I’ve recently converted a value type over into a reference type. I.e. i’ve converted a C# struct into a class. I’ve been able to write tests to measure the CPU performance overhead of using the reference version rather than the struct version. I did this by performing some intensive mathematical operations and measuring how long it took before and after the change. However, reference types have an additional cost associated with them given that they’re allocated on the heap and they involve the GC to get them cleaned up. However, I’m not sure how to measure the affect of this overhead. The test I was doing before doesn’t really apply because it only involved really short lived objects so you never really saw any memory increase, or churn, or page hits, or cache coherency issues. Can you think of good ways to try to test this impact?
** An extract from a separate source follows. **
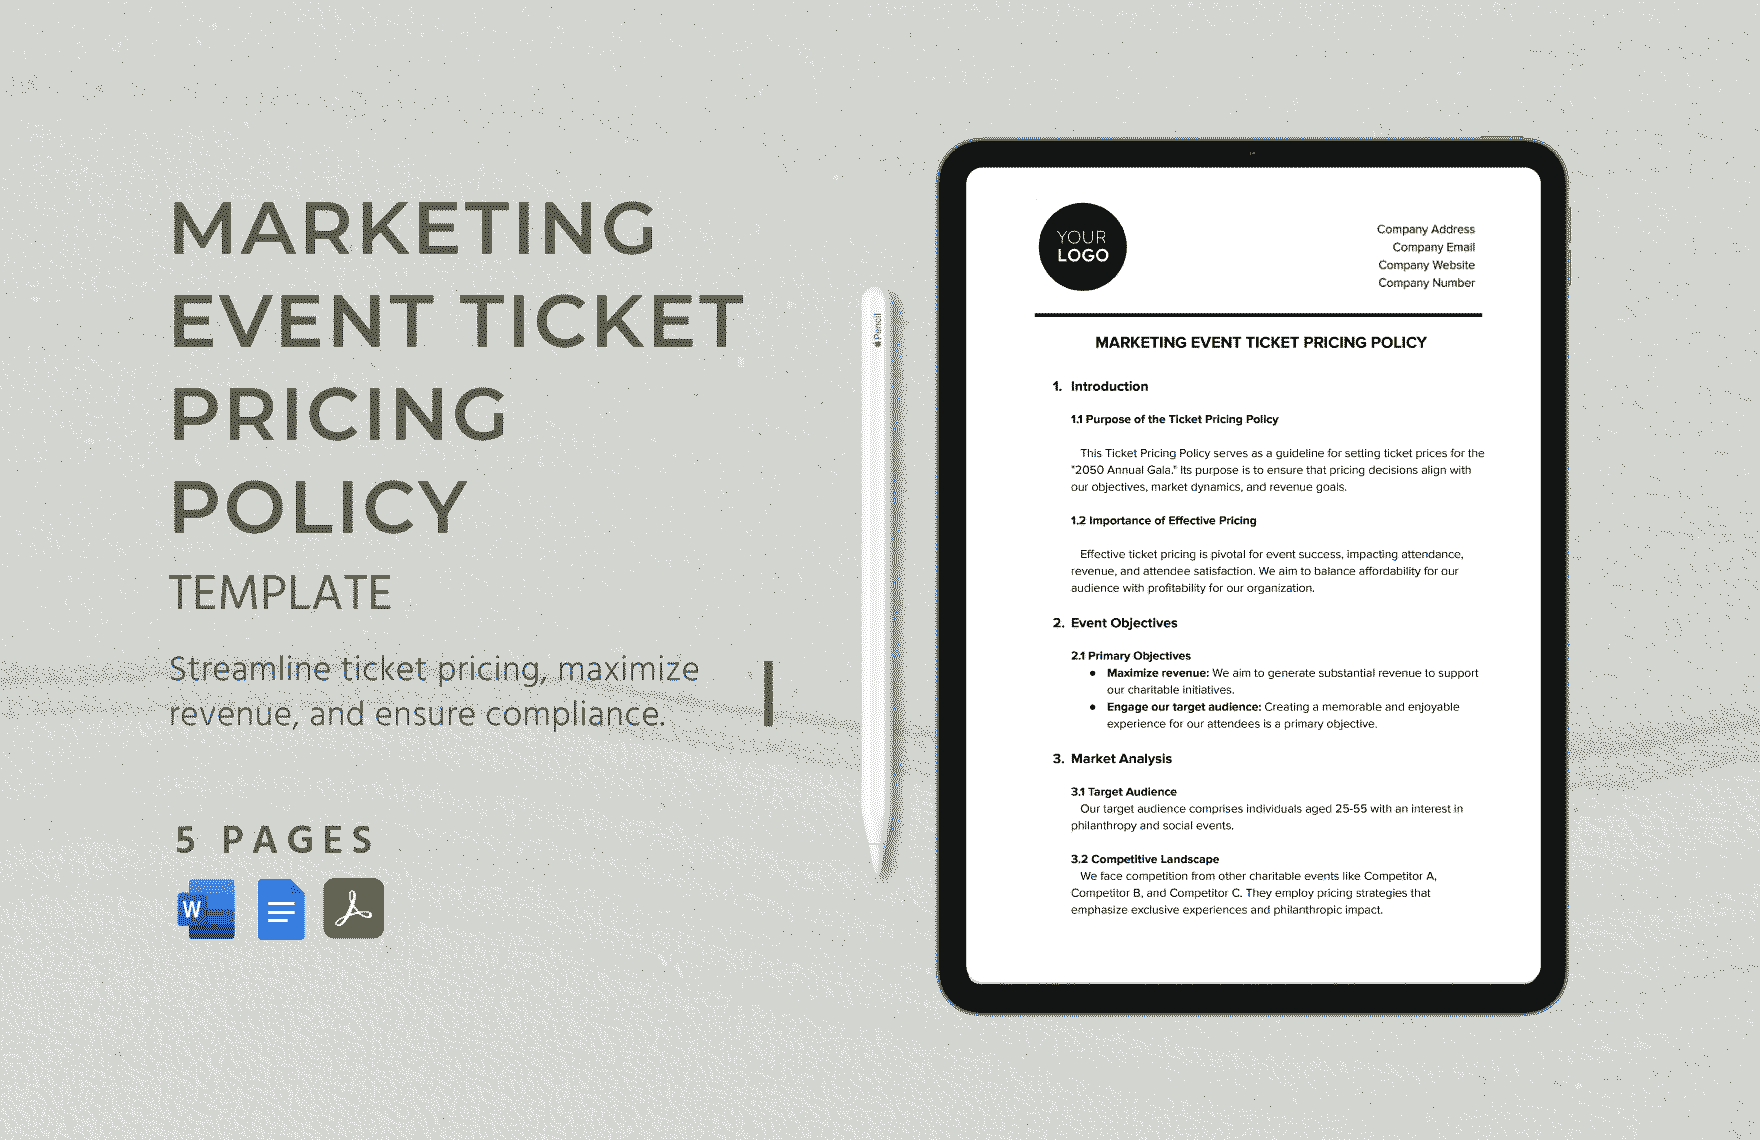 Marketing Event Ticket Pricing Policy Template in Word, Google Docs, PDF

Some kind of realistic test that would let me know if there are any downsides to using this class instead of the original struct.
I have experience with CPU profiling to find hotspots, but I don’t have experience on the memory side of things. Tools would be preferred, but I’m certainly willing to take manual measurements.
Specifically I’ve been trying to measure the impact of using a class based implementation of Nullable<A> over a struct based one. I see there being a lot of compelling reasons to use the class based version (specifically because the programming model and semantics become to clear), however, in order to convince anyone we need to know all the tradeoffs involved. As class/structs behave differently in terms of local/heap storage and GC impact, that difference needs to be quantified so that when all factors are weighed we know realistically the cost of our choices.